Review: ‘Apollo 10 ½’ is a relaxing coming-of-age sci-fi film
Quietly released on Netflix, Richard Linklater’s latest film uses animation to capture the wonder of childhood.
Apr 11, 2022
Richard Linklater’s films have always been less about the plot and more about the details. From his work on “Dazed and Confused” to “The Before Trilogy,” Linklater is the master of films where people hang out — the attention to the details in what they do being what elevates his films beyond being tossed off as aimless.
With his latest gem, “Apollo 10 ½: A Space Age Childhood,” Linklater remains true to this style, despite promotional material suggesting a more high-concept storyline. Google may label the film as ‘science fiction/adventure’ and the poster may showcase its main character in a spacesuit, but make no mistake, Stan’s adventures include space travel just as much as they do biking around with friends.
Voiced by Jack Black, Stan narrates stories of his childhood in late1960s Houston, where the Space Race informs the city’s culture. The latest and greatest in man-made technology was all there, from spaceships to button-dial phones.
One day in 1969, 10-year-old Stan is taken aside by two men in suits, Kranz (Zachary Levi) and Bostick (Glen Powell), who have a proposition for him. They’ve accidentally made an Apollo spacecraft too small for adults, so they want him to take it to space for them. Fascinated by this unusual proposition, Stan agrees — a standard decision in an era when kids idolized Neil Armstrong rather than Elon Musk.
In a subversive choice of plotting, this Space Race-based fantasy plotline takes a backseat for nearly the first hour of the film. Instead, Linklater observes Stan do what kids do and what he captures on film best: hanging out.
Reflecting on the way in which we retell memories, which aren’t always set perfectly in time and place, older Stan recalls the various activities that he, his friends and his family would get up to. In between trips to bowling alleys, arcades and beaches, Stan’s mom mocks hippies, his dad drives tipsy and his Grandma spouts conspiracy theories about John F. Kennedy.

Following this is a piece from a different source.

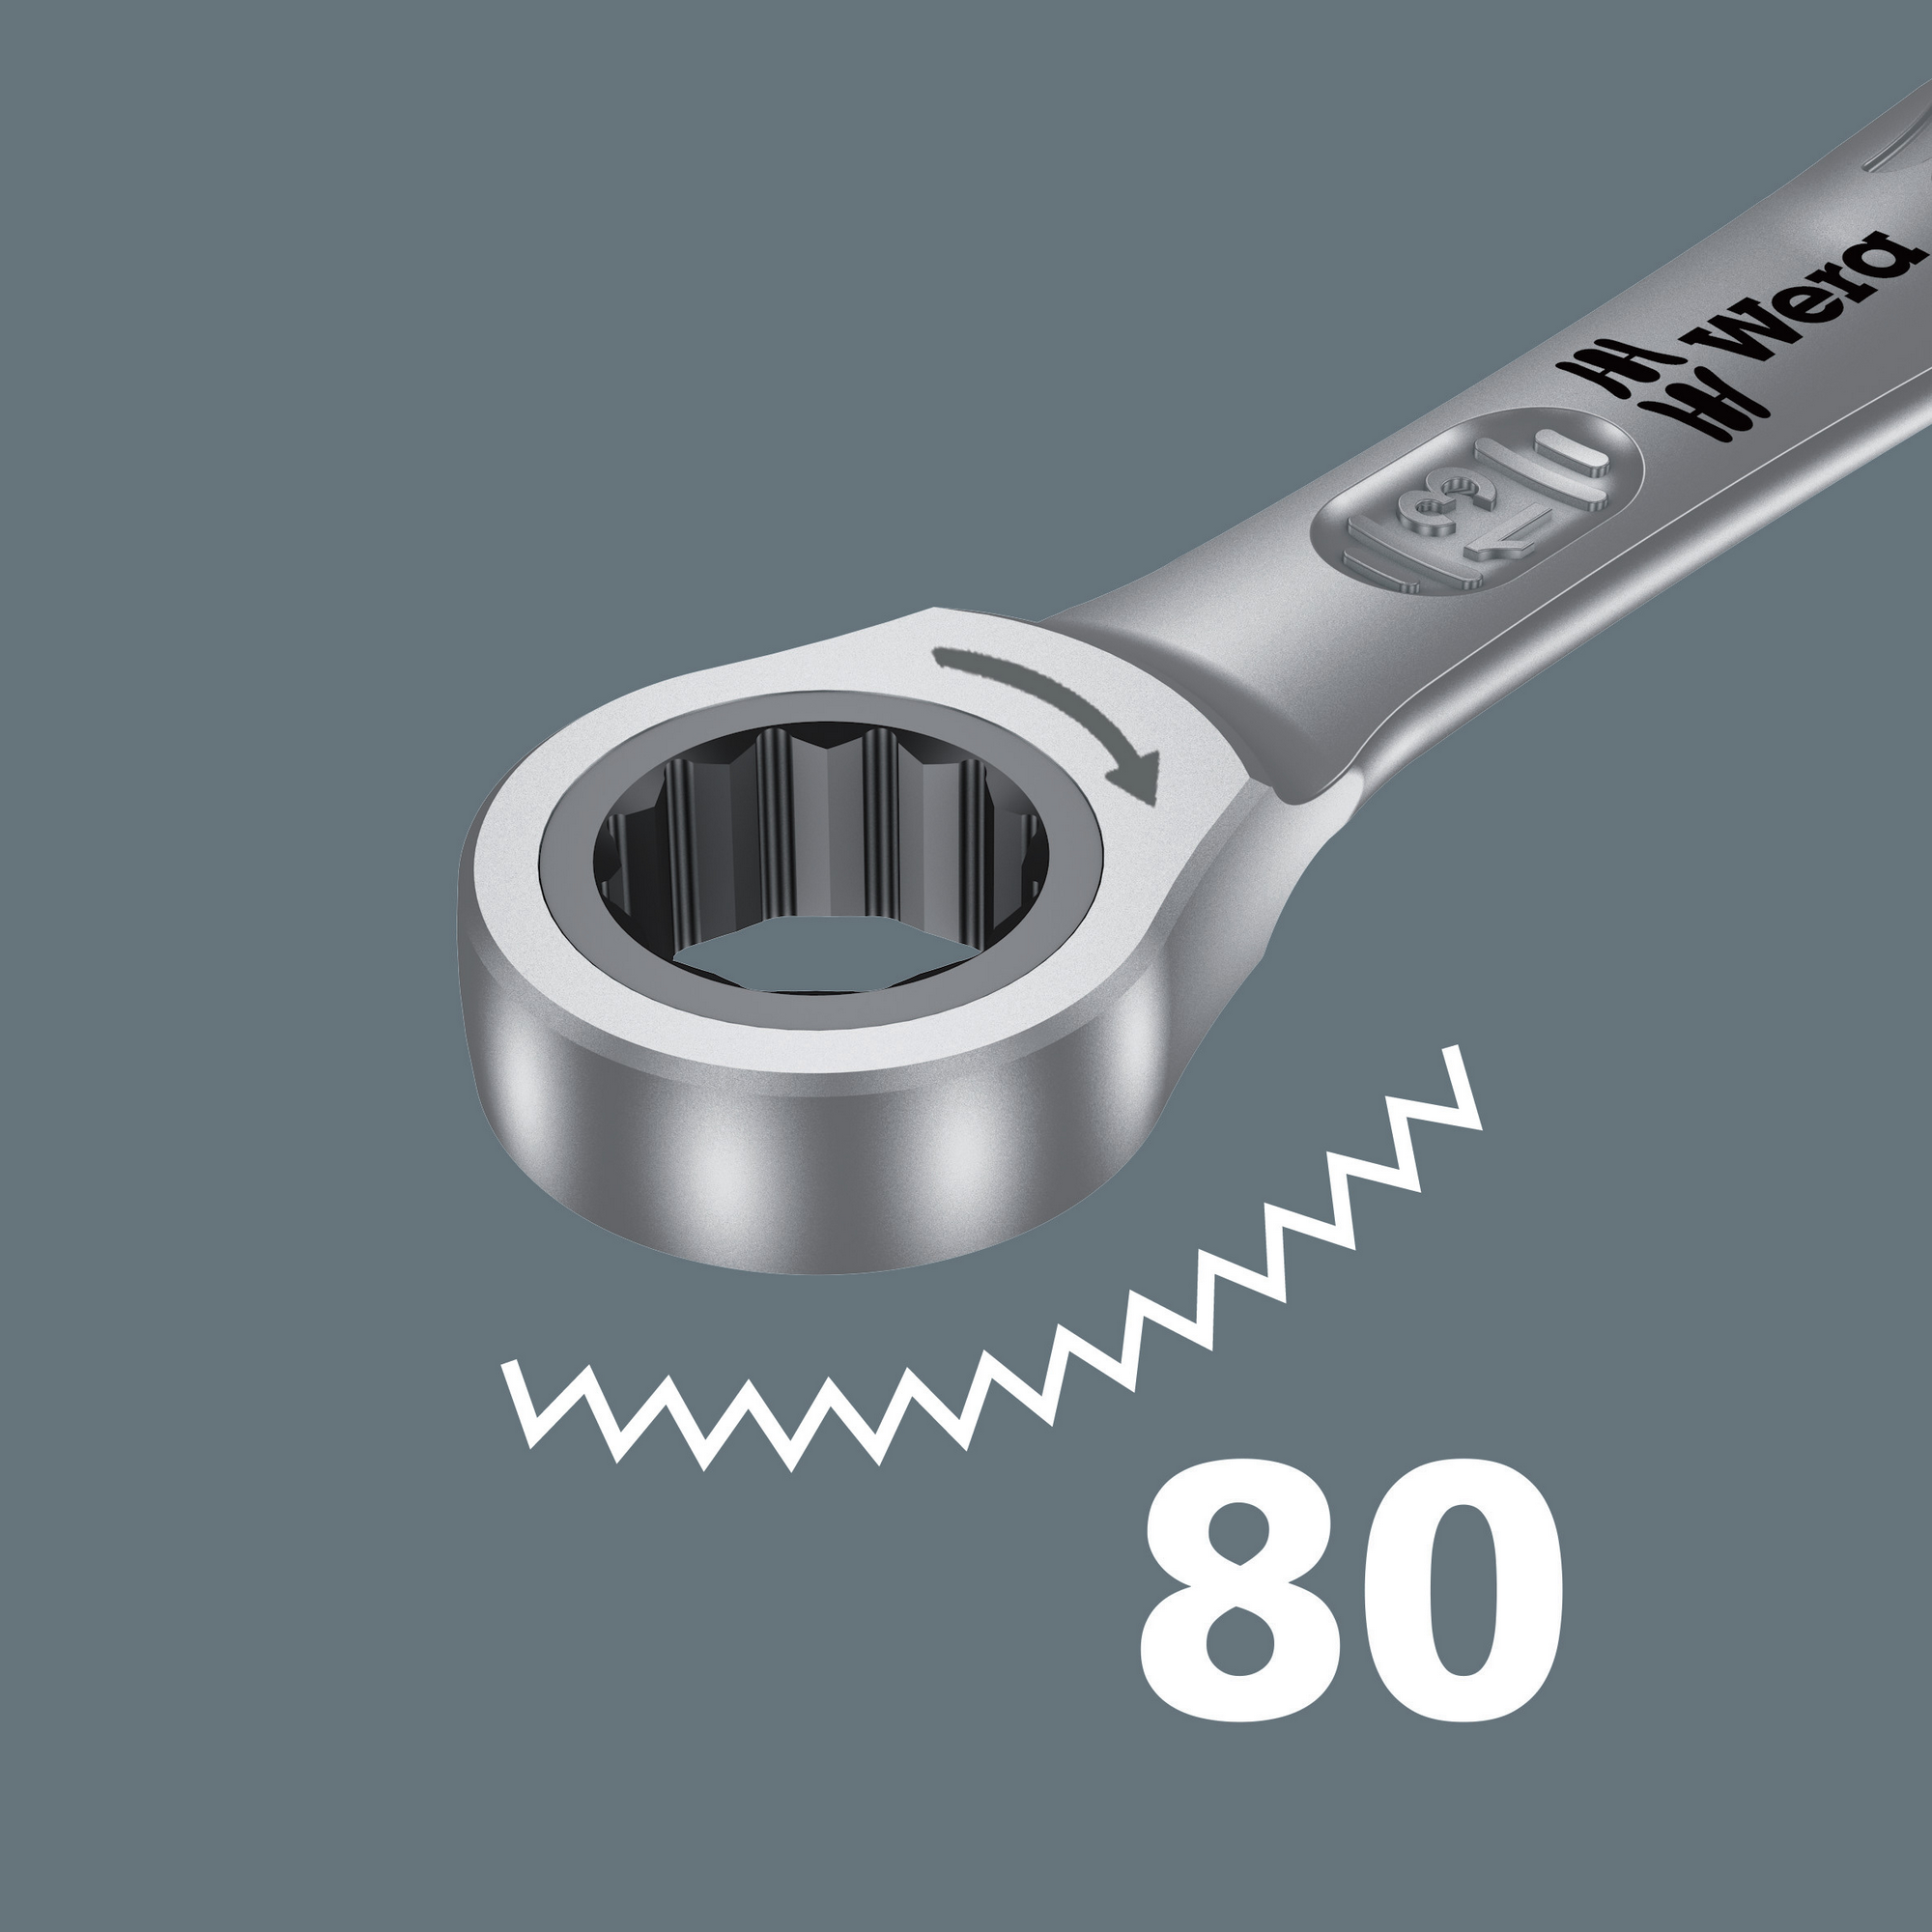 Maul-Ringratschen-Schlüssel 'Joker' 10 mm + product picture

There’s hardly a strong sense of progression between these memories, but that doesn’t matter because the audience is drawn into their familiarity and warmth. It feels nice to simply be invited to share them with Stan. This is due in part to the atmosphere that Linklater creates. Like his other films, the soundtrack is excellent. It further seeps the viewer in the era with tracks from big names like Donovan and Pink Floyd as well as deeper cuts that would only be known by someone who grew up in the 1960s.
When the Space Race does come back into play, it is woven seamlessly with Stan’s memories of his suburban childhood. Linklater knows how to intercut stories but simply didn’t want to at first. This is where the film’s choice of rotoscoping, a form of animation based on filmed actors’ movements, lends itself to an easy transition into the film’s sci-fi elements.
Whereas a live-action film might have cast Stan’s experiences as surreal, an animated film using rotoscoping allows Linklater to capture a sense of childlike wonder while maintaining a consistent tone. The animation already removes the audience from reality to a degree, making the space travel scenes feel similar in that they only slightly divert from reality, but not enough so that it distracts or disengages viewers.
The greatest example of this is when the Moon landing takes place, with Stan in orbit and his family in the living room gathered around the TV. His family experiences the magnitude of the moment, as does Stan, with the viewer getting the most pleasure in getting to be with both and know more than either.
Aided by the animation style, the Moon landing feels like a dream come true. As much as it was a dream realized for people to see the first man on the Moon, it is pure wish fulfillment for Stan to be able to go to Space. Stan’s family sees something out of this world as the young boy descends the ladder onto the lunar surface, and the film’s animation allows it to seamlessly transition to Stan’s perspective as he takes those great steps for mankind.
Linklater’s choice to fill the runtime of a Space movie with so many scenes of kids hanging out may seem counterintuitive, and some viewers might be resistant to this plotting. To reject this structure wouldn’t consider the ways in which it benefits the film and the ideas Linklater wishes to convey.
In front-loading the details of a late 1960s Houston childhood, Linklater makes the point that childhood wonder doesn’t pick favorites. For example, building forts out of plywood is the same kind of fantasy play that preparing for the flight does. Advancement of technology such as a non-rotary phone is as fascinating to the kids as the spaceships, if not more so, because it has a more direct impact on their lives.
It’s quite a subversive approach to make a film about the Space Race in which the race itself doesn’t take up the majority of the runtime. Viewers come in with a certain set of expectations and instead are reminded what it feels like to be a kid filled with wonder again. It is a welcome surprise.